- La réunion mentale permanente
Dans ma tête, ce n’est jamais silencieux. C’est une salle de réunion avec plusieurs “moi” :
- Le moi raisonnable : “Sois professionnelle.”
- Le moi fatigué : “On pourrait juste… partir?”
- Le moi sarcastique : “Ah oui, excellente idée, répétons la même erreur pour la 12e fois.”
- Le moi dramatique : “C’est la fin. Tout est la fin.”
Et moi, au milieu, qui tente de gérer tout ça comme une direction adjointe de mon propre cerveau.
- Les conversations imaginaires (où je gagne toujours)
Vous savez, ces moments où quelqu’un vous dit quelque chose… et vous répondez calmement. Mais dans votre tête? Vous livrez un discours digne d’un film dramatique, avec musique en arrière-plan, applaudissements et caméra en gros plan.
- Dans ma tête :
“Et en passant, ce que tu viens de dire n’a aucun sens, et voici une analyse brillante en 7 points.”
2. Dans la réalité :
“Ah… oui… je vais y penser.”
- Les jugements instantanés (qu’on garde pour soi… heureusement)
Parfois, je croise quelqu’un et mon cerveau va beaucoup trop vite.
Exemple très réel :
- Je regarde une personne et mon cerveau dit :
“Maudus… il est laid… et en plus il est marié?”
2. Et là, immédiatement, mon autre voix intervient :
“PARDON? On se calme. On ne dit pas ça. On pense des choses gentilles.”
Mais c’est trop tard. La pensée est sortie. Elle a fait son petit tour. Elle a pris un café. Heureusement, elle est restée dans ma tête. Parce que sinon… ma vie sociale serait en ruine.
- Les scénarios catastrophes inutiles
Quelqu’un ne me répond pas. Mon cerveau :
- “Il est fâché.”
- “Tu as dit quelque chose de mal.”
- “C’est probablement la fin de cette relation.”
- “Tu devrais déménager et changer d’identité.”
Alors que la personne… est juste en train d'écouter de la musique avec ses airpods.

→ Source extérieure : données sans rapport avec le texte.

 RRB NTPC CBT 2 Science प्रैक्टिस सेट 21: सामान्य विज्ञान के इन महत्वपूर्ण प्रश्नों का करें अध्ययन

- Les débats moraux absurdes
Moi, devant le frigo à 22h :
- “Tu n’as pas faim.”
- “Mais c’est du fromage.”
- “Tu viens de manger.”
- “Oui, mais pas DU fromage.”
Et là, débat intense. Argumentaire. Réflexion. Valeurs. Tout ça pour finir avec… un morceau de fromage dans la main.

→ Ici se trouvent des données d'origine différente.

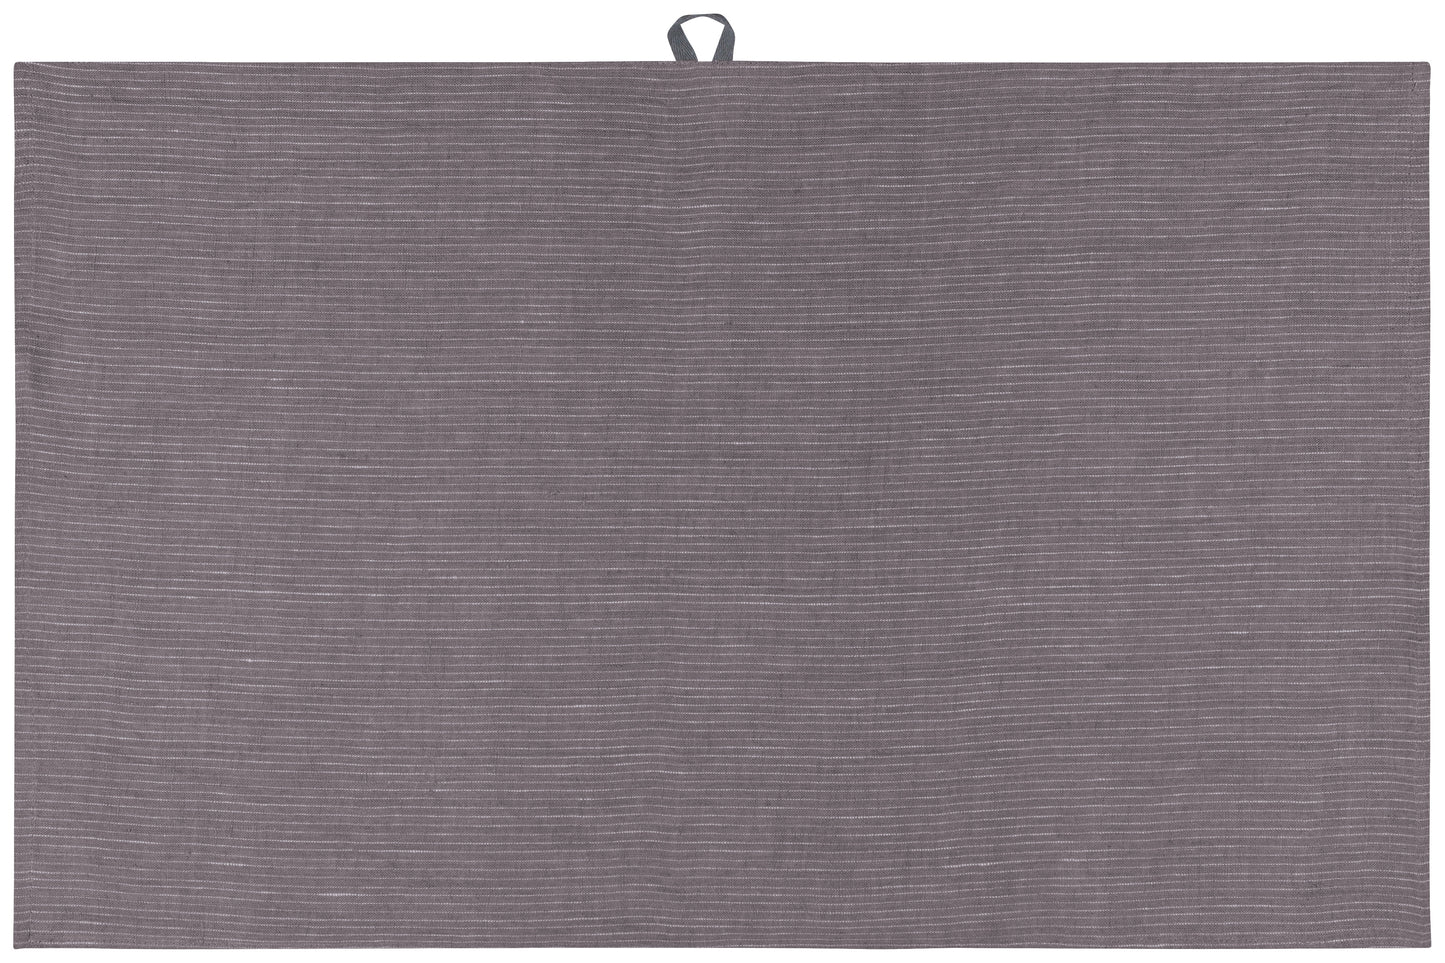 Pinstripe Linen Dishtowel - Dark Gray

- Les réponses tardives (toujours trop tard)
Trois heures après une conversation :
“AH! J’aurais dû dire ça!”
Et là, mon cerveau rejoue la scène. Je suis brillante. Rapide. Impressionnante. Mais dans la vraie vie, j’avais juste dit :
“Oui… c’est ça.”
- La version honnête de moi (qui ne sort jamais)
Si on disait vraiment ce qu’on pense :
- “Je t’écoute, mais j’ai décroché depuis 4 minutes.”
- “Je hoche la tête, mais je ne comprends rien.”
- “Je ris… mais je n’ai pas compris la blague.”
- “Je suis fatiguée… mais socialement, je fais semblant d’être une personne fonctionnelle.”
Conclusion : heureusement qu’on a un filtre
Au fond, ces conversations dans notre tête… c’est un peu notre laboratoire humain. On pense à des choses absurdes, drôles, parfois un peu douteuses…mais c’est aussi ce qui nous rend vrais. Parce qu’entre ce qu’on pense, ce qu’on dit… et ce qu’on devrait dire… il y a tout un monde. Et honnêtement? C’est probablement mieux que certaines choses restent… bien tranquilles, dans cette fameuse réunion mentale.